My Biggest Mistake: Steve Shirley

MY big mistake was being too innovative. That might sound odd, but what I mean is that you can be so intrigued by technology that it becomes all-consuming - especially if you are from a science background. What you might miss is that customers are not so interested in it as they are in their own problems.

FI Group started as part of the emancipation of women that was going on in the Sixties. The 'distributed office' techniques we were pioneering then were aimed at women who wanted to be able to pursue active careers at the same time as bringing up children. We were trying to take work to where the people were - particularly women.

From that start we became a company with a particular style. In the 1970s and '80s we established trusts on behalf of our staff, and in November 1991 we sold a controlling interest to the employees. Because the shares held by the workforce carry double the voting power of others, we have a truly empowered organisation.

The company, which now employs 1,000 and has annual turnover of pounds 30m, was also innovative in its organisational structure. For example, we were a pioneer of what is now known as outsourcing - the idea that a company needs only a core of managers, and that the workforce does not have to be directly employed. This meant that labour could be a variable cost; we could have indirect labour and attract skills in order to add value in ways other organisations could not. And there were innovations in computer science, administration, design, sales and marketing.

Because I did not have any training (I left school at 18), nobody told me that there were things you could not do. Sometimes I think ignorance can be quite a management strength. I built up the company after starting out with just pounds 6 in capital, and it has been very successful.

But it would have been easier if we were not ahead of our time. That was a mistake. The idea of the distributed office, based on telecommunications, is only really coming of age today. Thirty years after we started, it is still considered newsworthy that computers and telecommunications are as important to Britain's future as were the resources of the past, such as iron, steel and coal.

I have just spent the past year as master of the Worshipful Company of Information Technologists, the 100th City livery company, and believe IT is key to the future of London.

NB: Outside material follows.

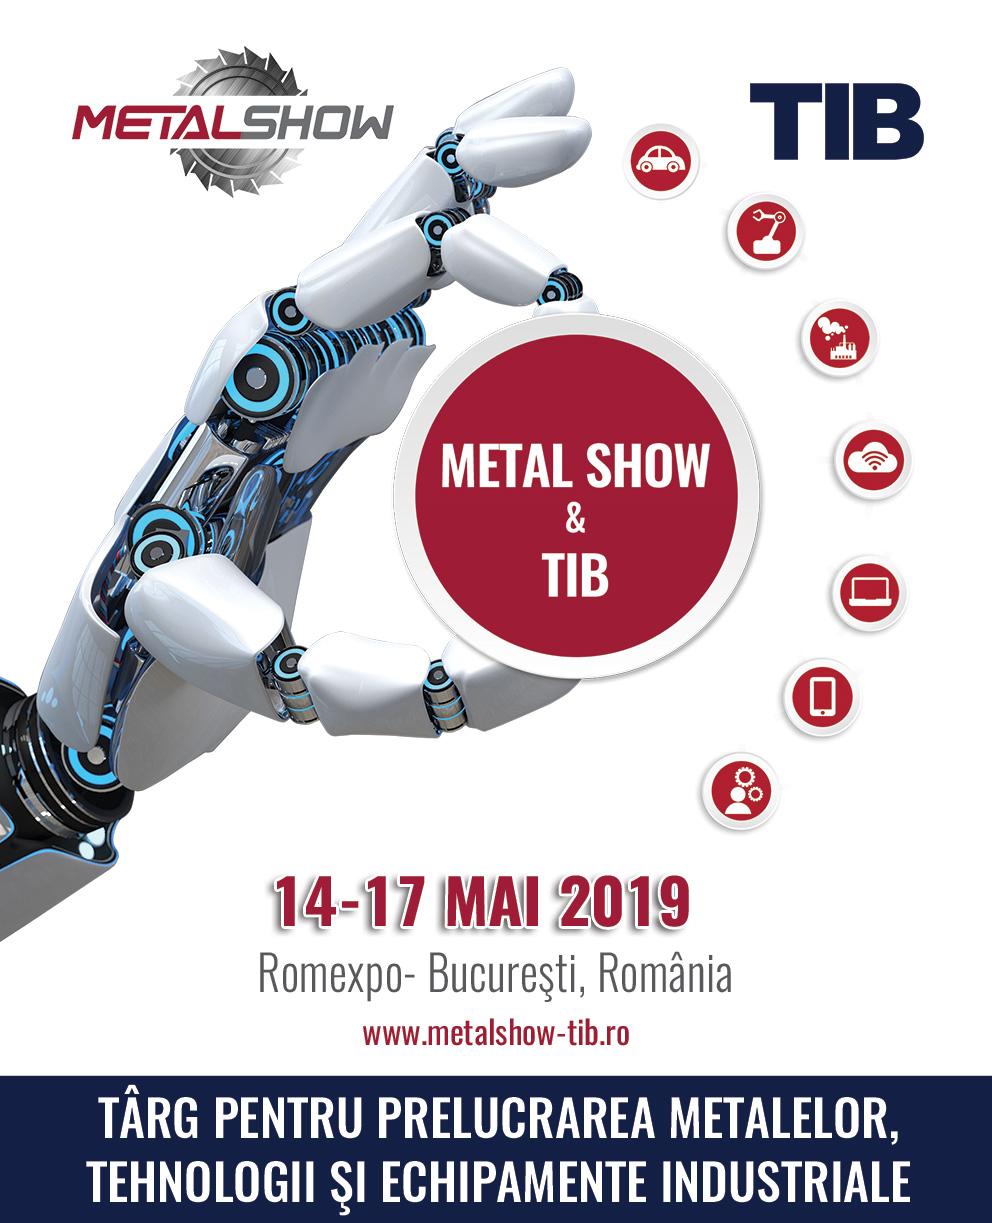 Începe METAL SHOW & TIB la Romexpo

In an effort to deliver a clear message that telecentres are part of modern working, there will be one on our float in the Lord Mayor's Show on 13 November.

Innovation is going to be vital, and it is not just something for universities. But to innovate too far ahead of the market is difficult - and it can be expensive to try to change market attitudes.

FI Group was viewed as a social phenomenon. Its unique culture delivers exceptional value and long-term commitment, which gave us visibility. People knew us for the way in which we operated, rather than what we did.

The lesson is that sometimes you have to make a leap, but most of the time you have to move steadily and steadfastly to serve your customers. It is a balance between the excitement that the scientific discipline gives you, and the pragmatic approach of business.